The usage of this flag "removing" here is to provide a fast failure path if a user-mode keeps requesting while the device is being removed, thus saving CPU cycles if a malicious user-mode is doing this. It's okay to remove the check of this flag and it doesn't affect the correctness of the device removal logic. I prefer to leave the check as is.

>
> > +
> > + if (!xs_fastpath_safe_file_access(filp)) {
> > + xs_fastpath_err("process %d(%s) changed security contexts
> after"
> > + " opening file descriptor\n",
> > + task_tgid_vnr(current), current->comm);
>
> I don't think we should produce a console message, at least not a "err"
> level. It gives a user the ability to generate an arbitrary number of console
> messages. Maybe "dbg" level would be OK.
>
> > + return -EACCES;
> > + }
> > +
> > + if (!access_ok(argp, sizeof(struct xs_fastpath_request_sync))) {
> > +
> > + xs_fastpath_err("don't have permission to user provided
> buffer\n");
> > + return -EFAULT;
> > + }
>
> Is this check needed at all?
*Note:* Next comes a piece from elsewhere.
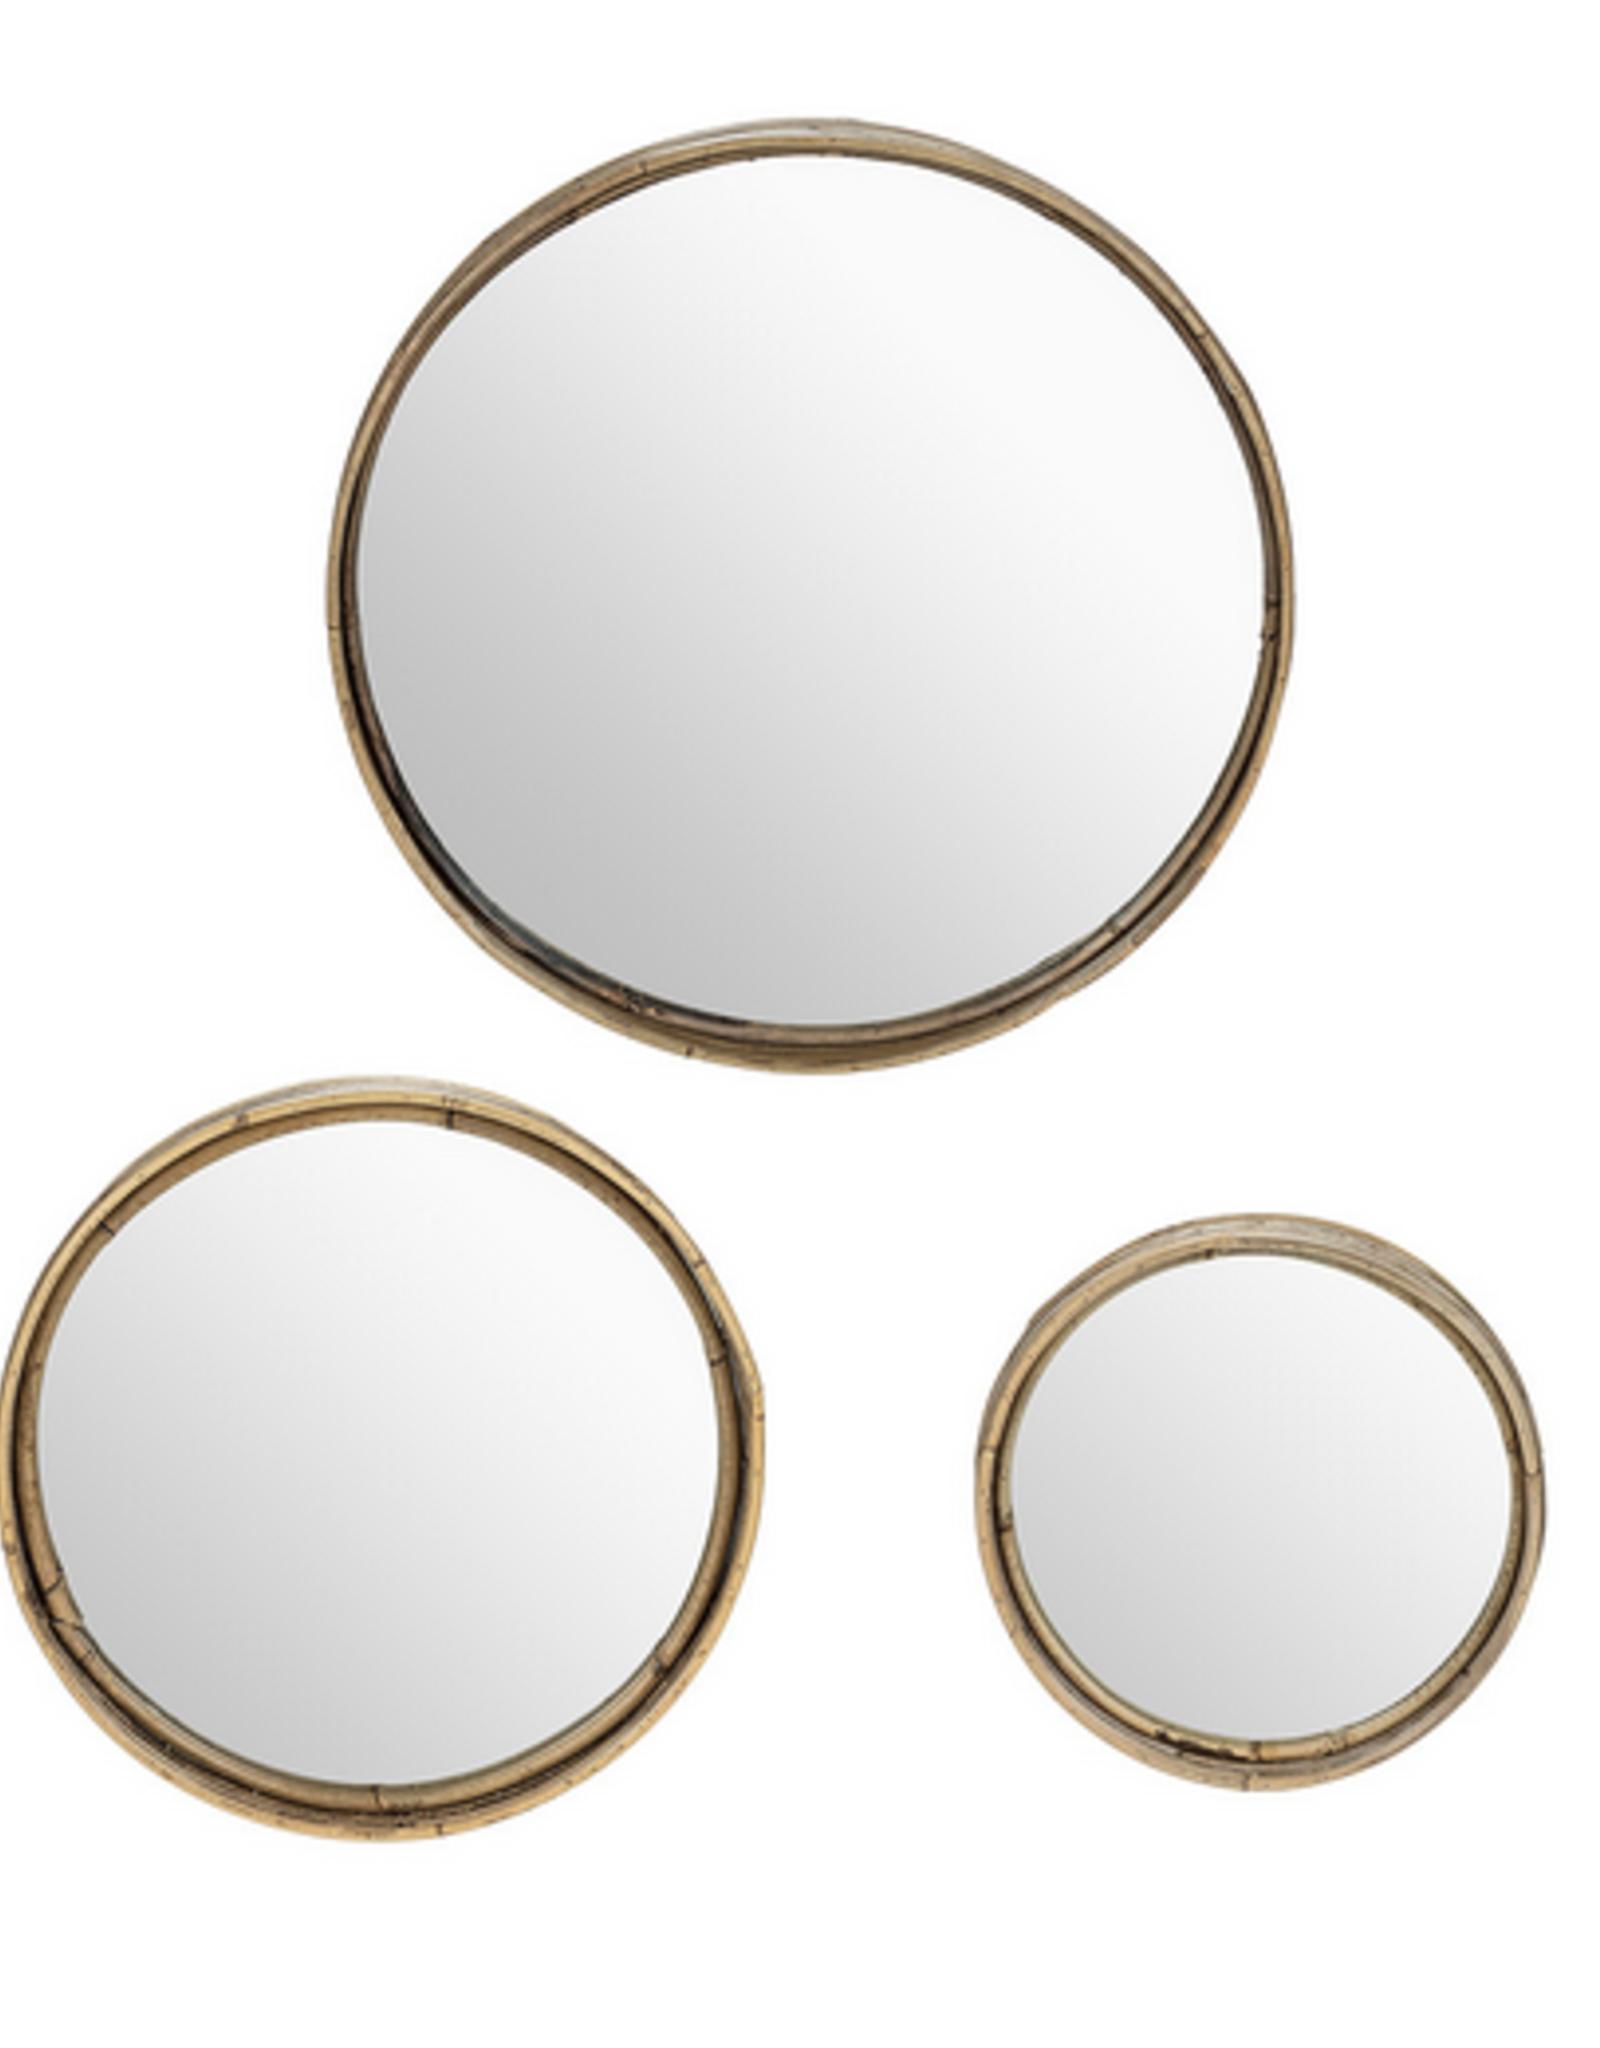 "Medium Round Wall Mirror with Rattan 16"""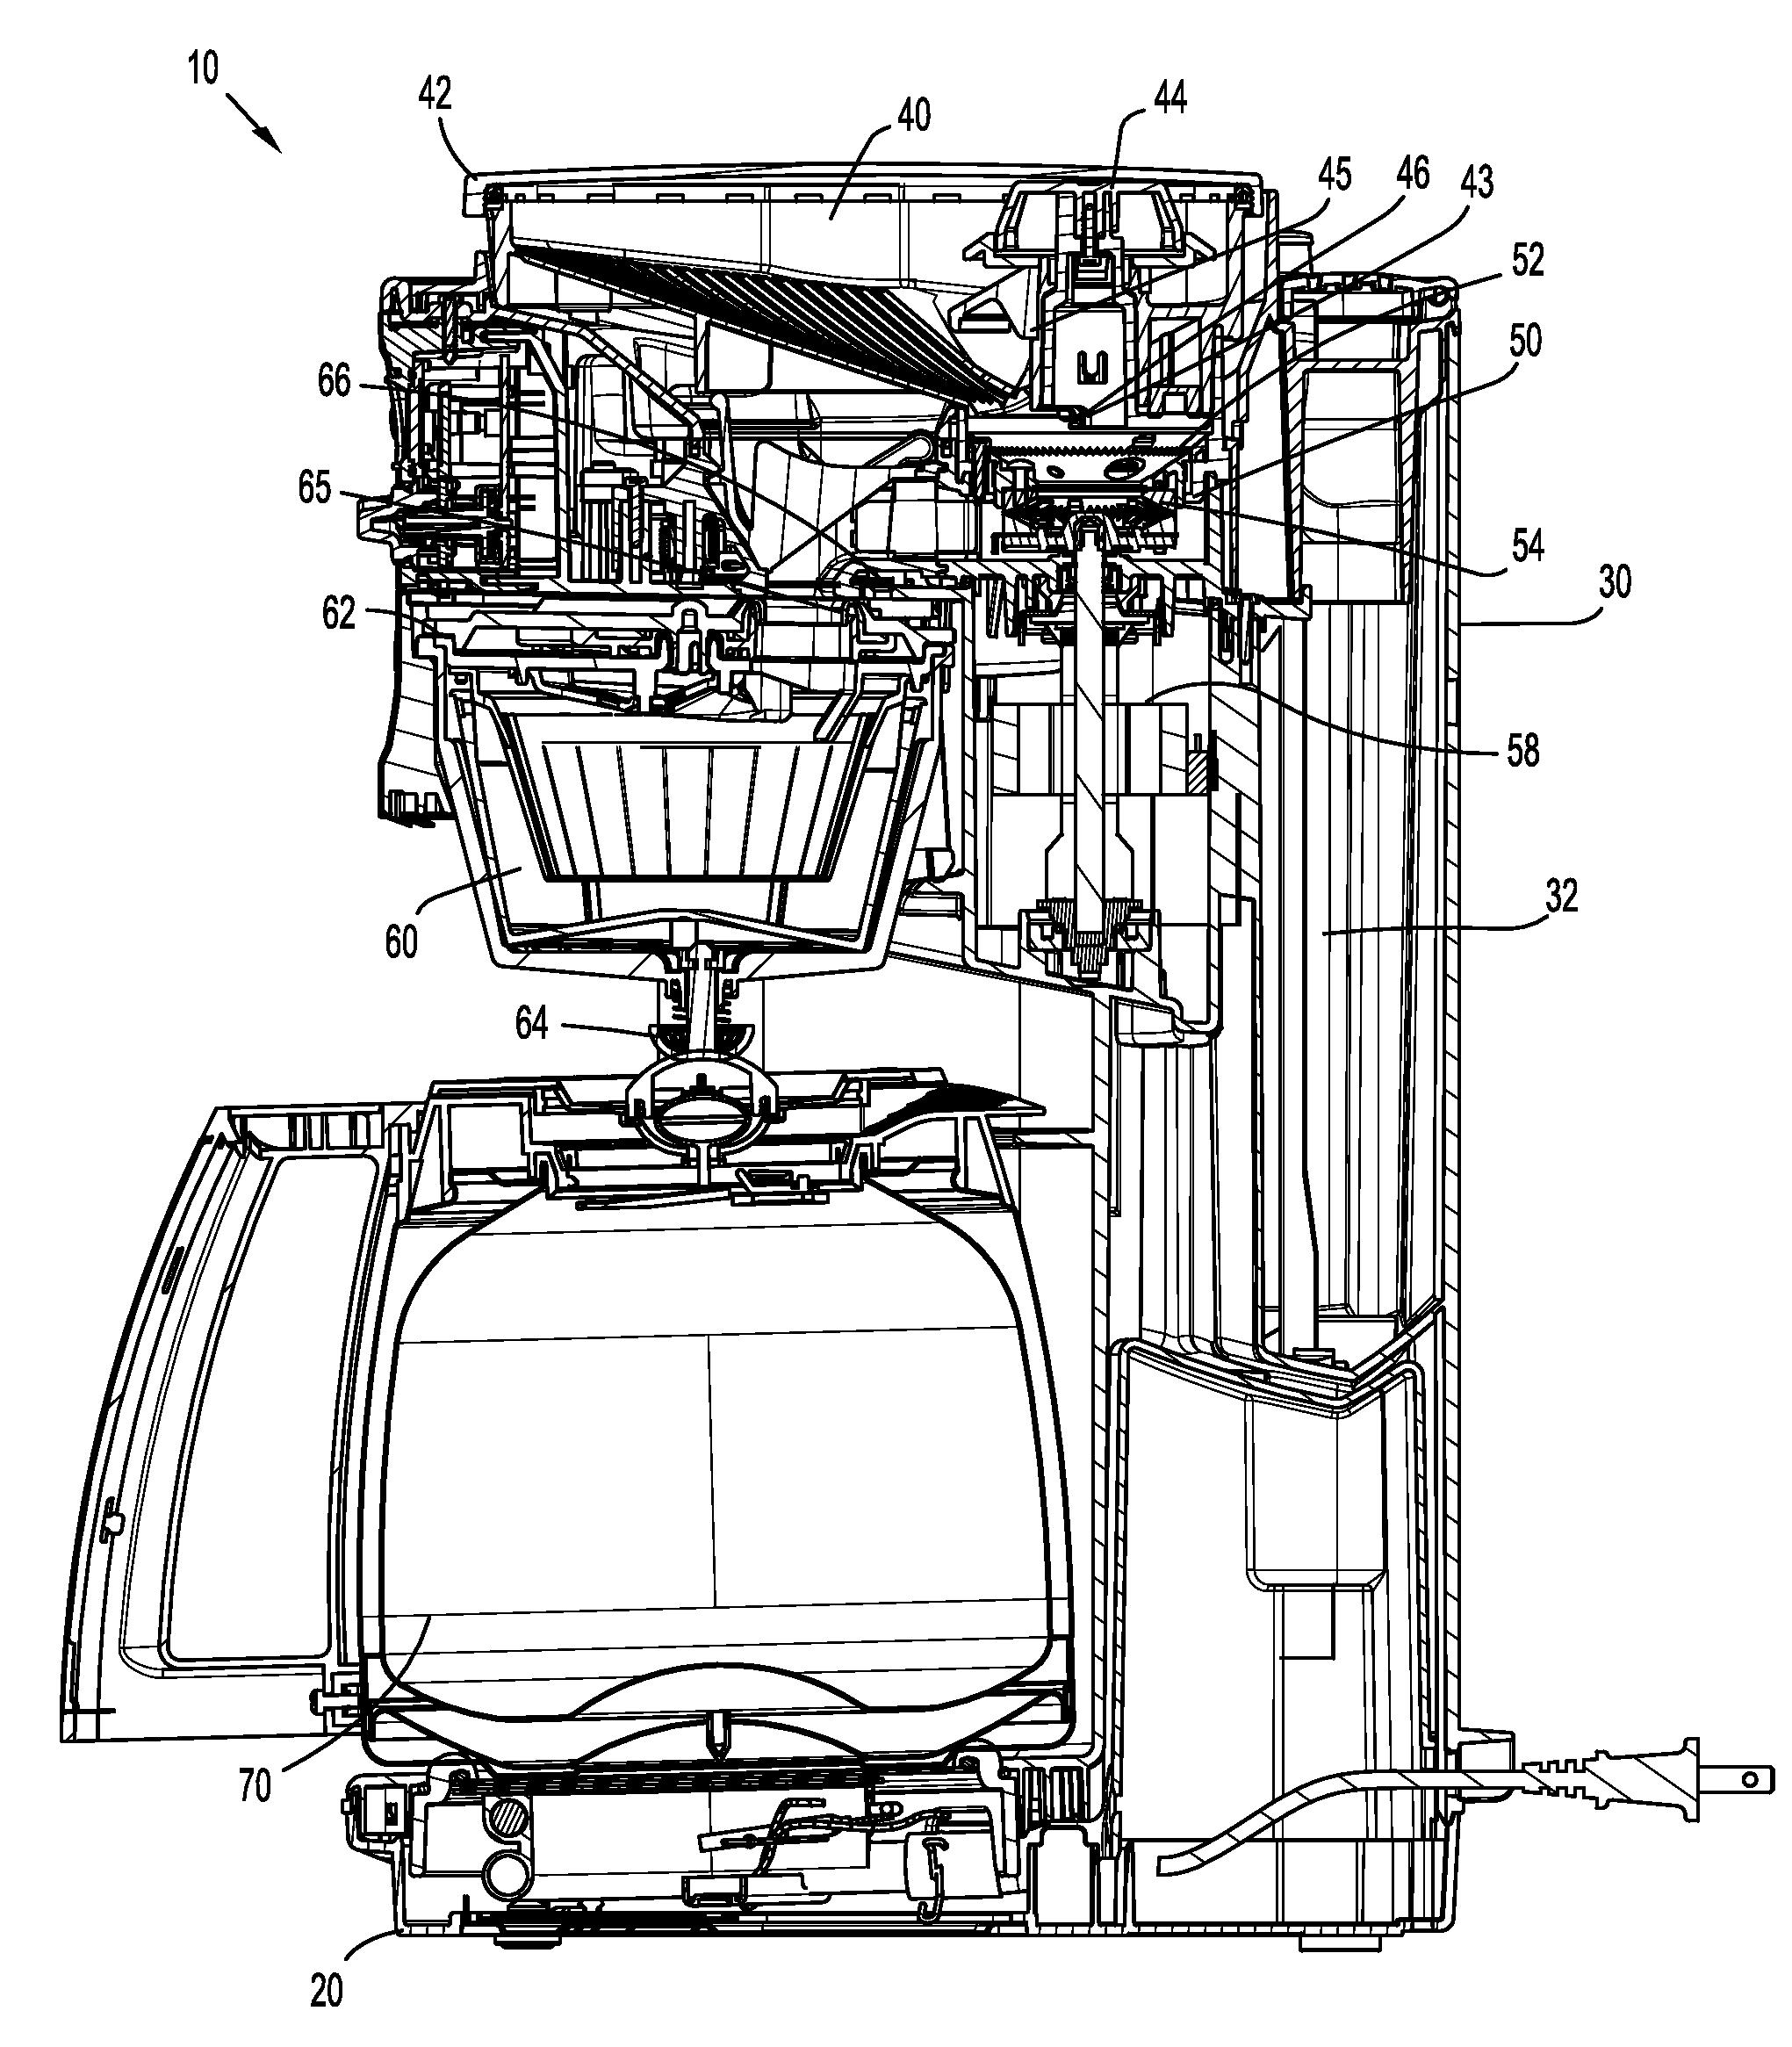 Patent US20090031900 - Coffee maker - Google Patents

Again, we don't want to generate a console
> message due to a user error, and copy_from_user() below
> will validate that the access is OK. A "dbg" level message would be
> OK.

Yes, this can be removed as copy_from_user() will guarantee permission is correct.

>
> > +
> > + if (copy_from_user(&request, argp, sizeof(request)))
> > + return -EFAULT;
> > +
> > + xs_fastpath_dbg("xs_fastpath ioctl request guid %pUb timeout %u
> request_len %u"
> > + " response_len %u data_len %u request_buffer %llx "
> > + "response_buffer %llx data_buffer %llx\n",
> > + &request.guid, request.timeout, request.request_len,
> > + request.response_len, request.data_len,
> request.request_buffer,
> > + request.response_buffer, request.data_buffer);
> > +
> > + if (!request.request_len || !request.response_len)
> > + return -EINVAL;
> > +
> > + request_ctx = kzalloc(sizeof(*request_ctx), GFP_KERNEL);
> > + if (!request_ctx)
> > + return -ENOMEM;
>
> Could the request_ctx just be on the stack? Below, it stores a pointer to the
> request, which is on the stack, and the request is accessed on the
> onchannel_callback function.
> So having request_ctx on the stack wouldn't be the only usage of a stack
> variable in the onchannel_callback function.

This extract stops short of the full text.